Mechanisms 1, 2, 5 are libva-specific and worth direct testing.
## kdirect storage shape
`V4L2RequestControlsHEVC` in ffmpeg-v4l2request:
```c
typedef struct V4L2RequestControlsHEVC {
V4L2RequestPictureContext pic;
struct v4l2_ctrl_hevc_sps sps;
struct v4l2_ctrl_hevc_pps pps;
...
};
V4L2RequestControlsHEVC *controls = h->cur_frame->hwaccel_picture_private;
```
Heap-allocated (av_mallocz_array via hwaccel_picture_private). Pointer valid for the AVFrame's full lifecycle — many seconds.
Libva's `h265_set_controls`:
```c
struct v4l2_ctrl_hevc_sps sps; // stack local
struct v4l2_ctrl_hevc_pps pps; // stack local
struct v4l2_ctrl_hevc_decode_params decode_params; // stack local
struct v4l2_ctrl_hevc_scaling_matrix scaling_matrix; // stack local
struct v4l2_ctrl_hevc_slice_params *slice_params_array = NULL; // heap (calloc)
...
controls[n++] = (struct v4l2_ext_control){.id = SPS, .ptr = &sps, .size = sizeof(sps)};
...
rc = v4l2_set_controls(...);
```
Stack locals — valid only for h265_set_controls's duration.

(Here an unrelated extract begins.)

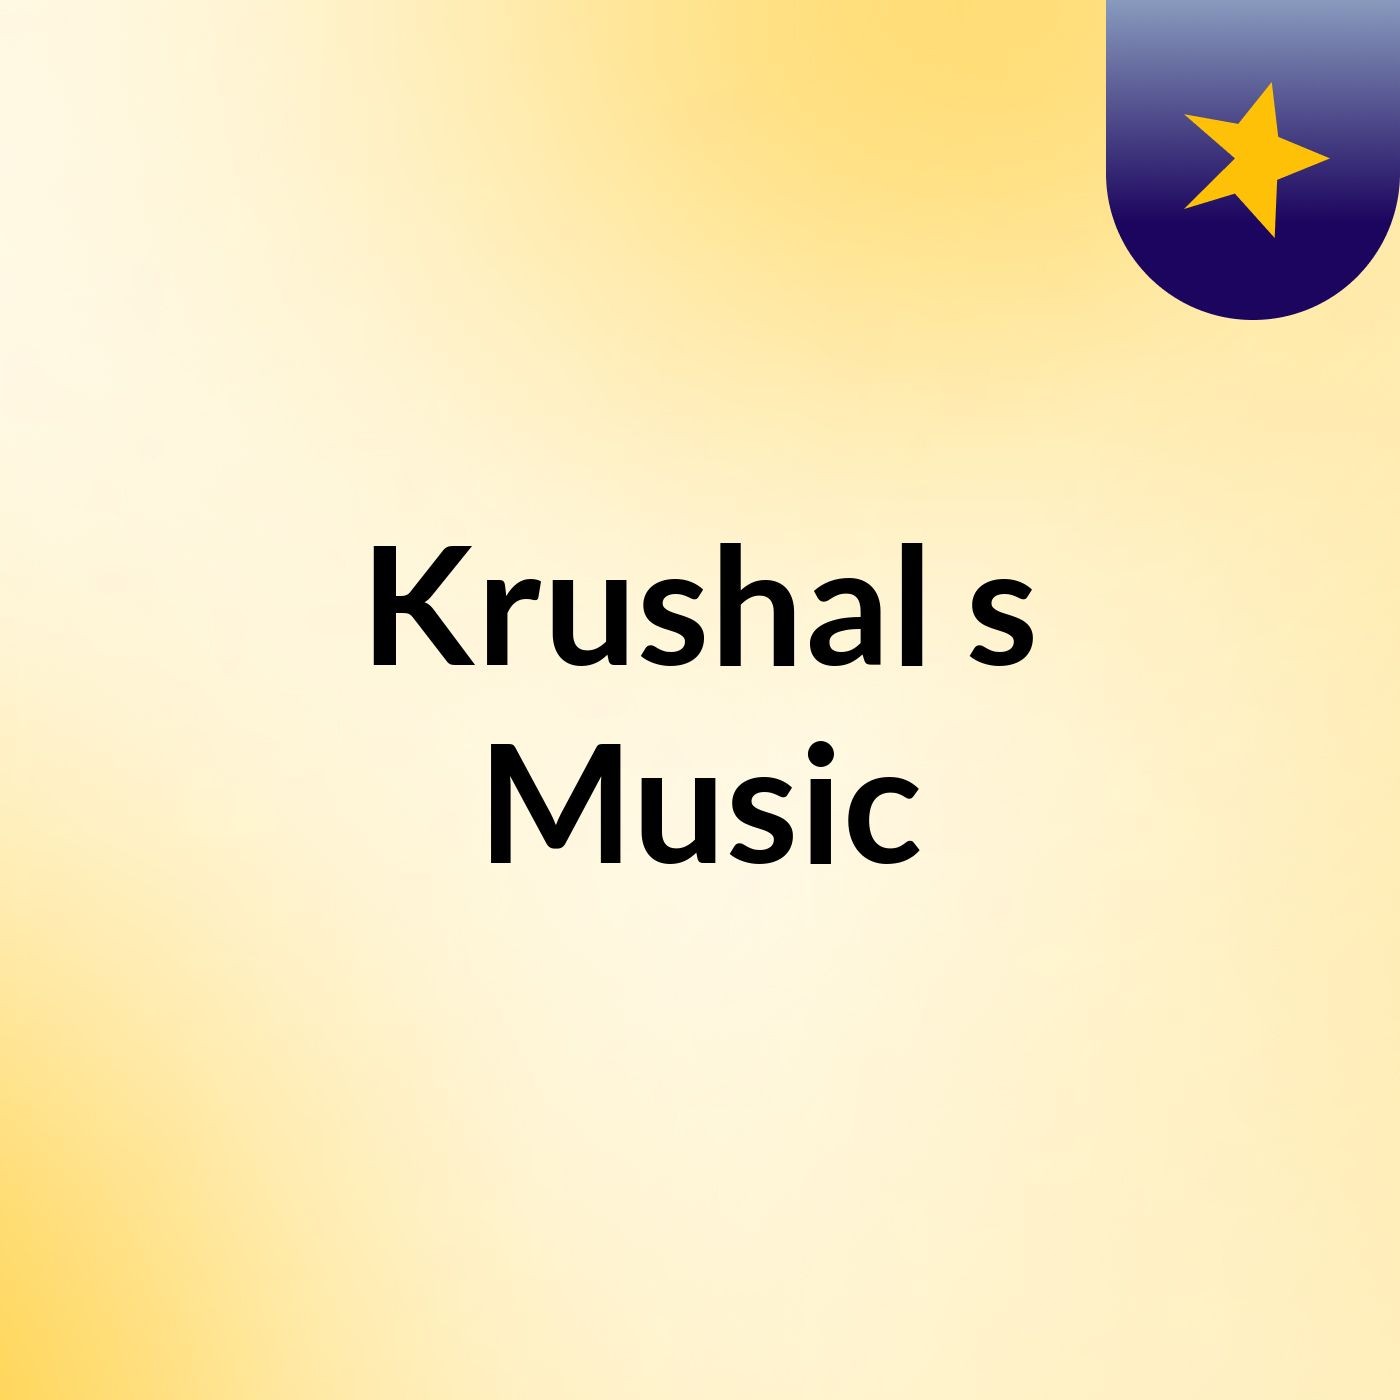 Krushal's Music

After that function returns and EndPicture's other code runs (QBUF, IOC_QUEUE), the stack may be reused.
**If the kernel defers `copy_from_user()` for compound controls until `MEDIA_REQUEST_IOC_QUEUE` (which is *after* h265_set_controls returns), the userspace pointer is stale.**
The V4L2 kernel spec says `S_EXT_CTRLS` for compound controls copies immediately — but a kernel bug or version-specific deferred-copy could fit.
## Test hypothesis — heap-allocate libva's HEVC controls
If mechanism 3 (deferred copy) is correct, moving libva's HEVC controls from stack to heap (a calloc()'d struct, owned by surface_object, freed at DestroyContext) would fix the issue without any other change.
**This is iter18 α-21.** ~20-30 LOC change in h265.c.
## Phase 7 conclusion
iter17's kernel printk produced a definitive empirical finding: **the kernel reads zero control values for libva HEVC despite libva submitting non-zero bytes via S_EXT_CTRLS**. The bug is at the userspace-pointer-lifetime / kernel-copy-timing layer, NOT in libva's ioctl content.
This is the strongest narrowing in the campaign since iter5b-β.
## iter18 candidate (α-21)
Heap-allocate libva's HEVC control structs so the pointer remains valid until `MEDIA_REQUEST_IOC_QUEUE` actually runs. If α-21 fixes Bug 5, apply same pattern to H.264 controls and VP8 controls (both currently use stack locals in their `*_set_controls` functions).
If α-21 still doesn't fix Bug 5, the bug is in mechanism 1, 2, or 5 — requires further kernel printk.
## Substrate state at iter17 P7 close
- Fork tip `111f8ba` (libva backend, no changes this iter).
- Kernel `linux-fresnel-fourier 7.0-3` with diagnostic printk in rkvdec_hevc_run. NOT a shipping kernel — diagnostic only. Should be reverted (printk removed, rebuild as 7.0-4) once iter18 work completes OR replaced with the actual fix instead.
- Backend SHA on fresnel: `c1d4bb53…`.